Over time, James and his sailing mates have been finding more and more plastics in the waters of the gulf. “When we’re out on Mathias, there are plastics floating everywhere,” he says. “It’s worse at certain beaches where the current takes the plastic; there’s a spot at Rakino Island, for example, where the currents just seem to swirl and dump incredible amounts of it. We read all the time about microplastics in fish. My reaction: It’s terrible.”


James scoops up floating plastic where he can and has a permanent recycling bag on board Mathias, but it’s at work where he’s making the biggest gains. He leads Deane’s plastic reduction programme, an initiative that was informed by a 2019 audit with the Sustainable Business Network and formalised as a strategic plan later that year. The goal, he says, is to get rid of as much plastic as possible and there’s no shortage of opportunities.

“Shirt packaging clips were an early target,” he explains. “We could stop most of those straight away. We got rid of personal rubbish bins in the office and replaced them with recycling bins. Our business cards used to be laminated but we stopped those a while ago. And if you join us for morning tea in our Auckland office, your plate will be cardboard, not plastic, and there’s definitely no plastic cutlery.”

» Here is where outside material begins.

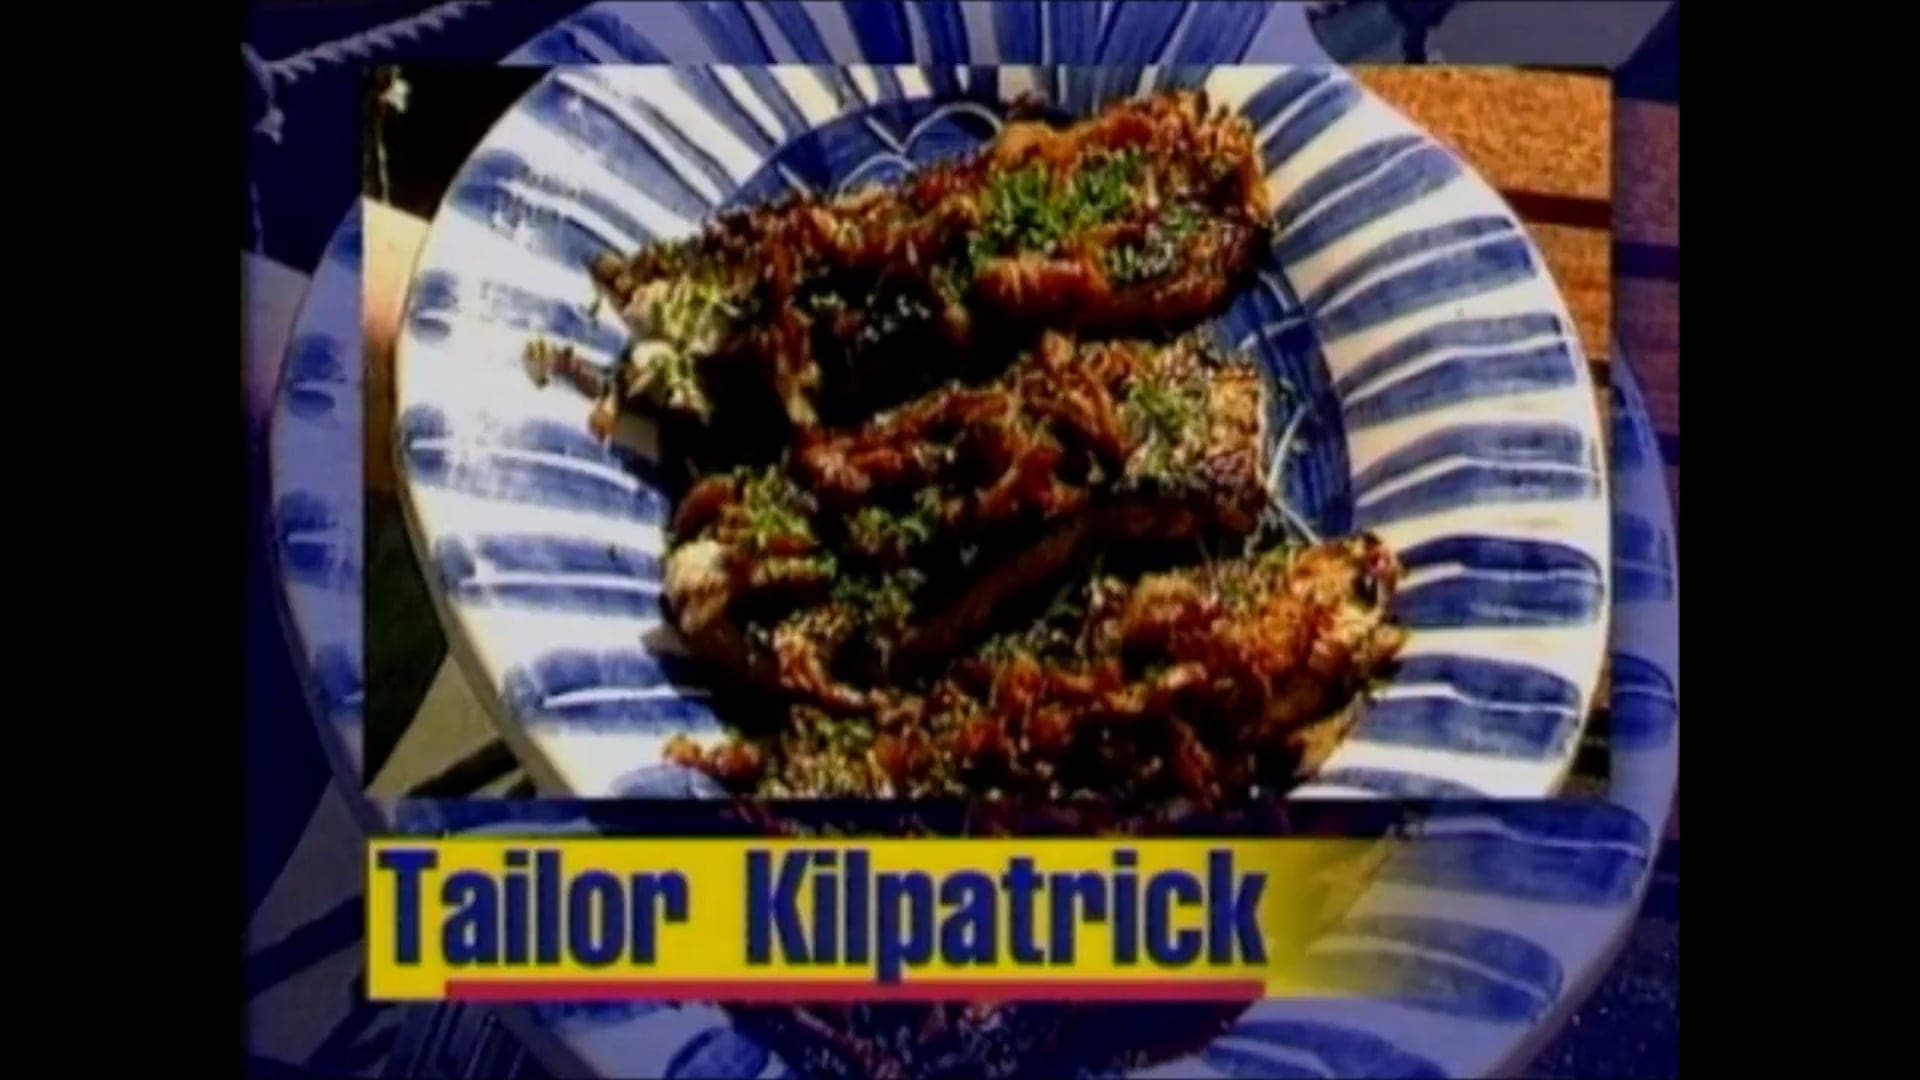 Tailor Kilpatrick

Most recently, James homed in on the plastic bags that Deane’s polo shirts used to come in. They’ve been replaced with biodegradable band roll. Next up: transitioning Deane’s offshore suppliers to compostable courier and garment bags, and carton liners. These have all been written into our specifications and there are early signs that our suppliers are coming on board.

Where is Deane on the journey? “It’s hard to say,” James reckons. “We keep on discovering new things we can do. Based on our initial targets we’re over halfway, but then I come into the office and spot more plastic ... it seems to come out of the woodwork as our team becomes more aware. There’s plenty to either replace with compostable plastic or cardboard, or to remove altogether. At the end of the day, we've got a rare opportunity to take plastics out of the supply chain at commercial scale. We take a step, see it implemented and move on to the next step. When we get it all to work, it's deeply satisfying."